Whenever a picture appears, leave it out while repeating all the other data exactly.

** Opening Collected data block **

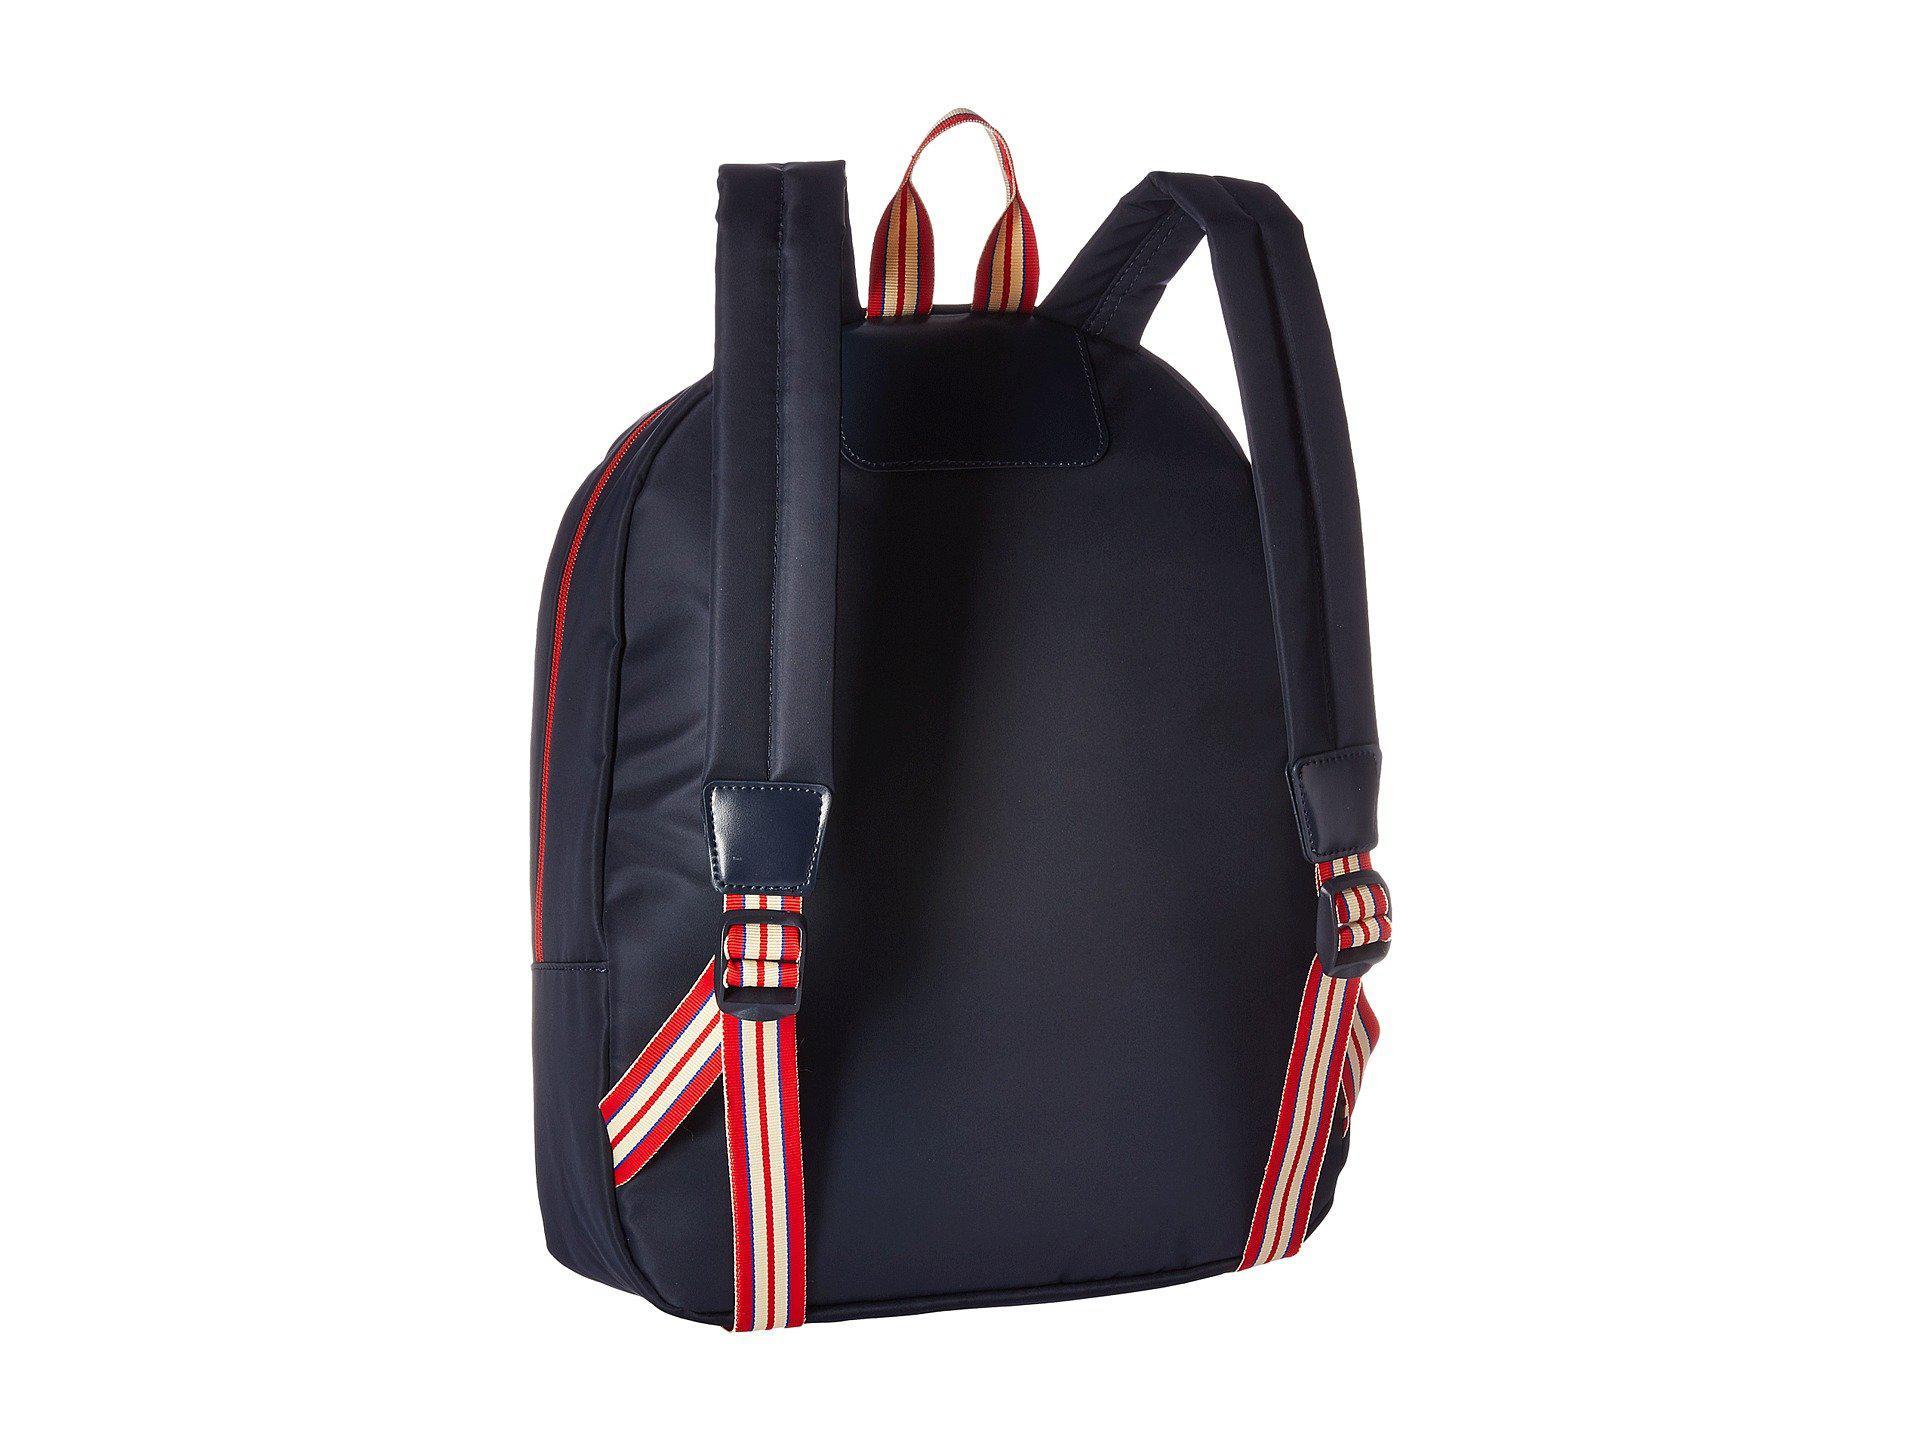 Lyst - Lipault Ines De La Fressange Medium Backpack (blue) Backpack ... a00e14454e3a4
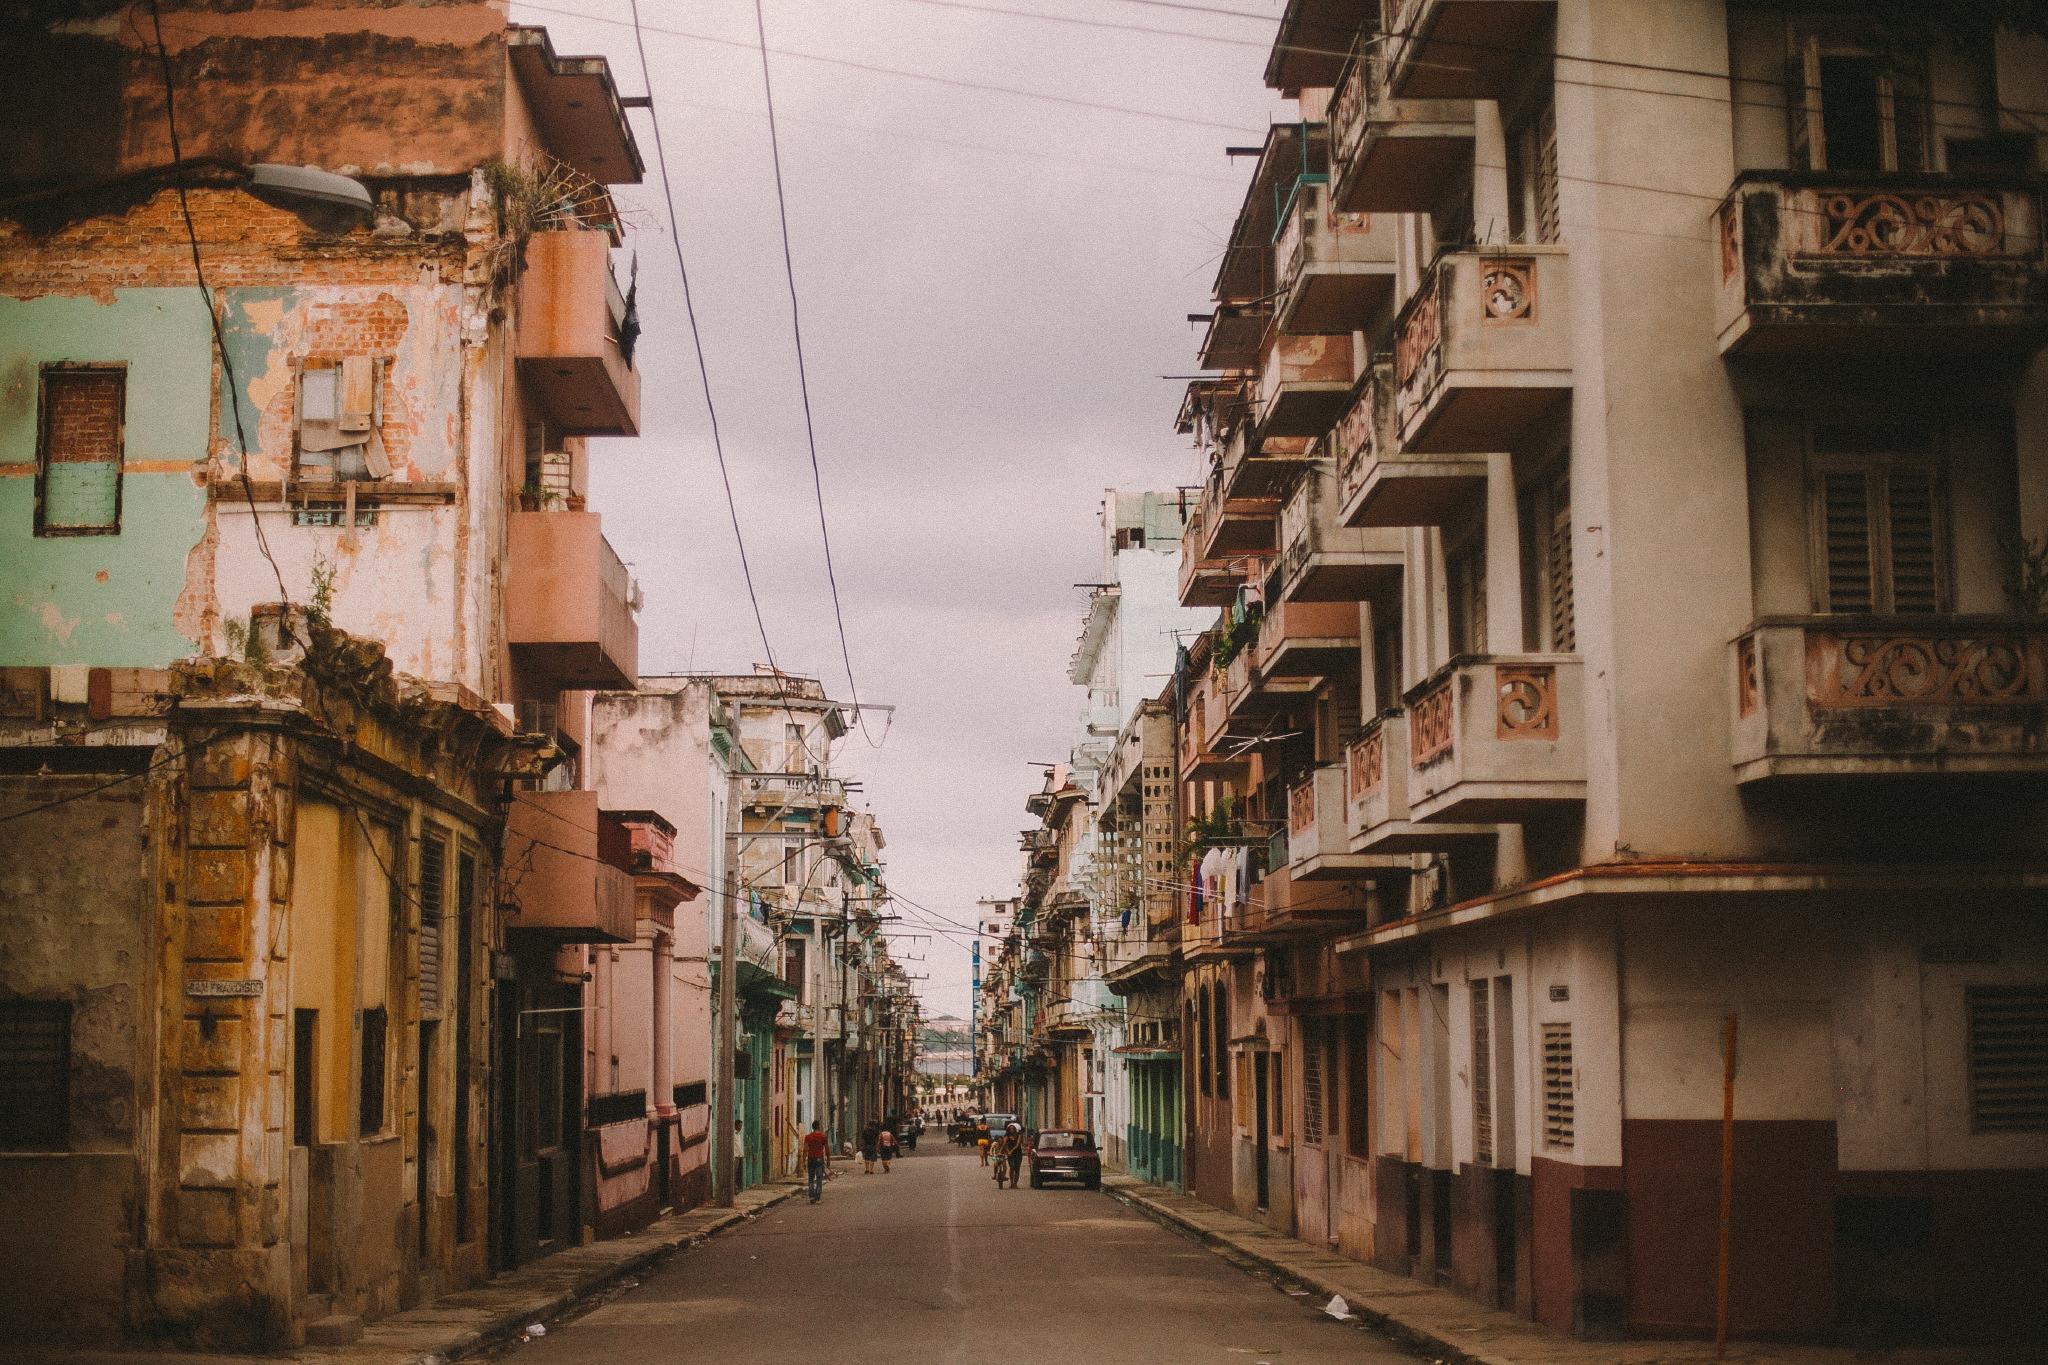 san diego wedding   photographer | urban residential street in cuba
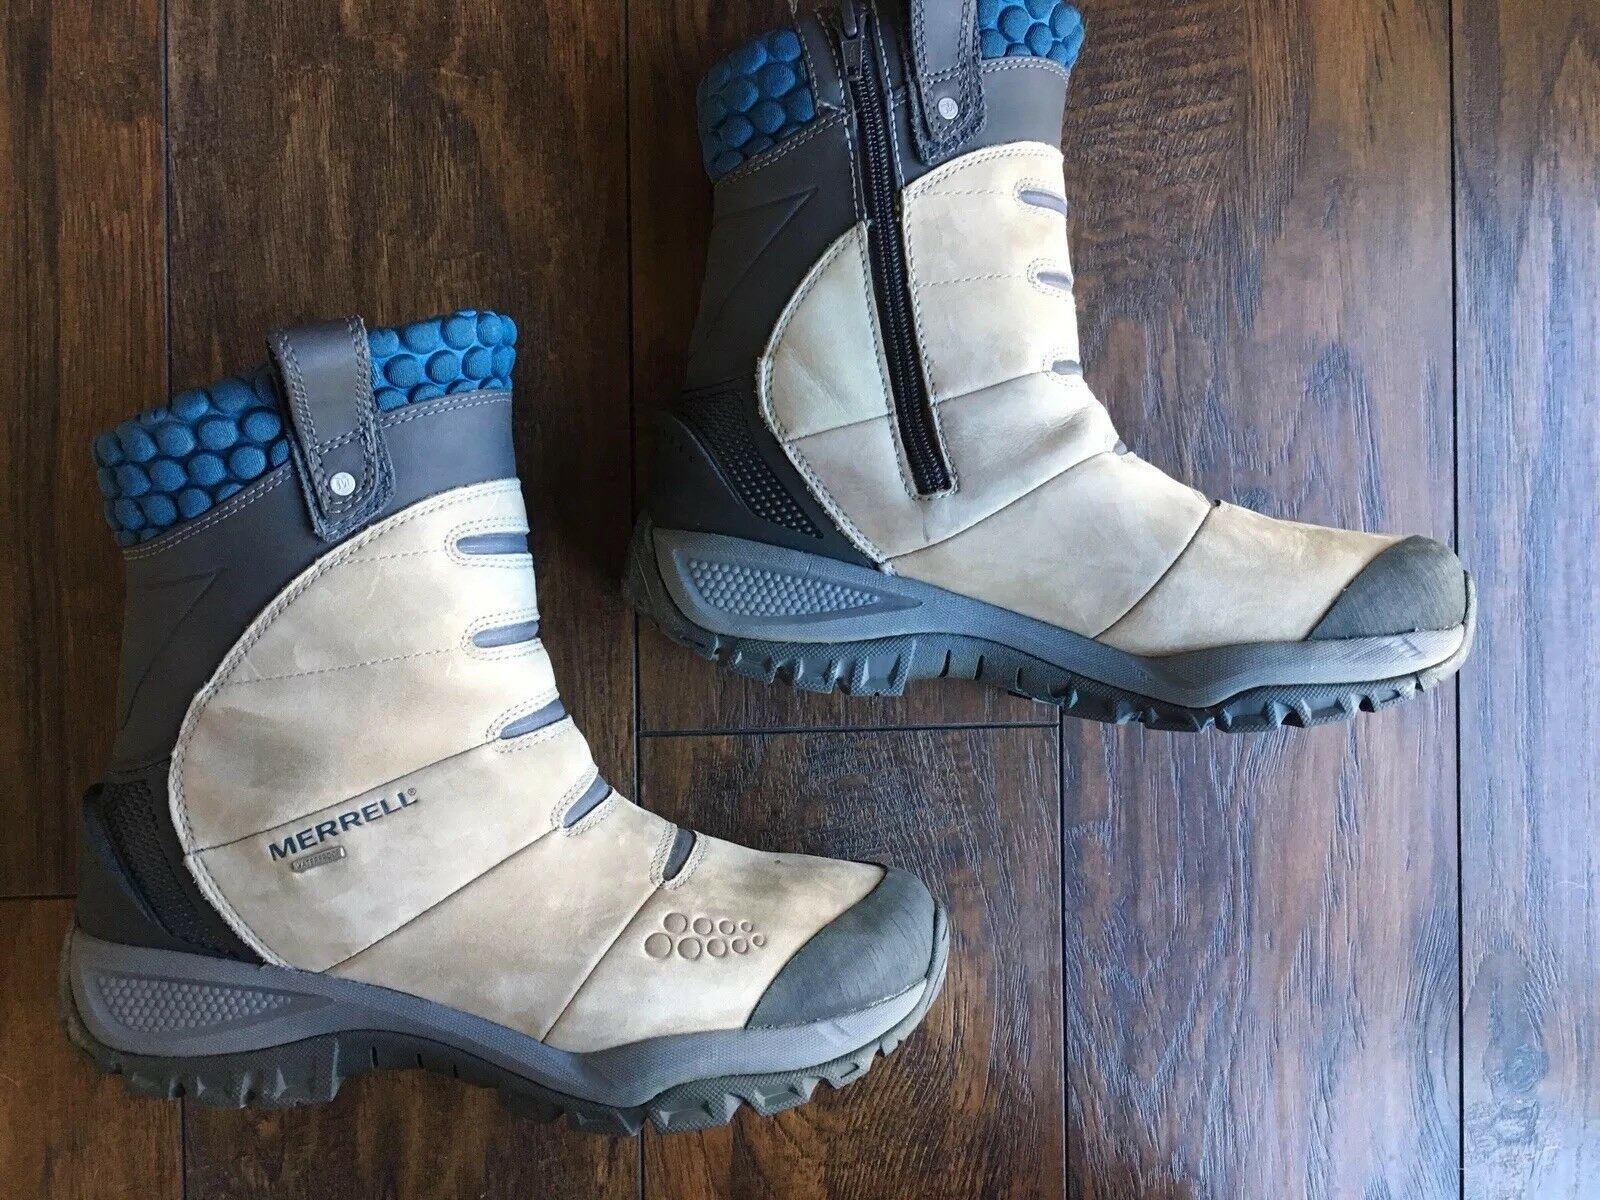 Merrell donna stivali 9   9.5 Artic Fox Smoke Pull On  Zipper Tan blu Snow scarpe

** Closing Collected data block **

### Response area
 Lyst - Lipault Ines De La Fressange Medium Backpack (blue) Backpack ... a00e14454e3a4
 san diego wedding   photographer | urban residential street in cuba
 Merrell donna stivali 9   9.5 Artic Fox Smoke Pull On  Zipper Tan blu Snow scarpe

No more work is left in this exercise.